Task item ▸ Print exactly the lines from the one containing "More information about" through the last line of the listing, both included.

Raw data ▸

⁂

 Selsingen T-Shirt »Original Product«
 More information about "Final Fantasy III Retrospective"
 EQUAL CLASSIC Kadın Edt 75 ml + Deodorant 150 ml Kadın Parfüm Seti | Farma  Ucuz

⁂

Answer space ▸
 More information about "Final Fantasy III Retrospective"
 EQUAL CLASSIC Kadın Edt 75 ml + Deodorant 150 ml Kadın Parfüm Seti | Farma  Ucuz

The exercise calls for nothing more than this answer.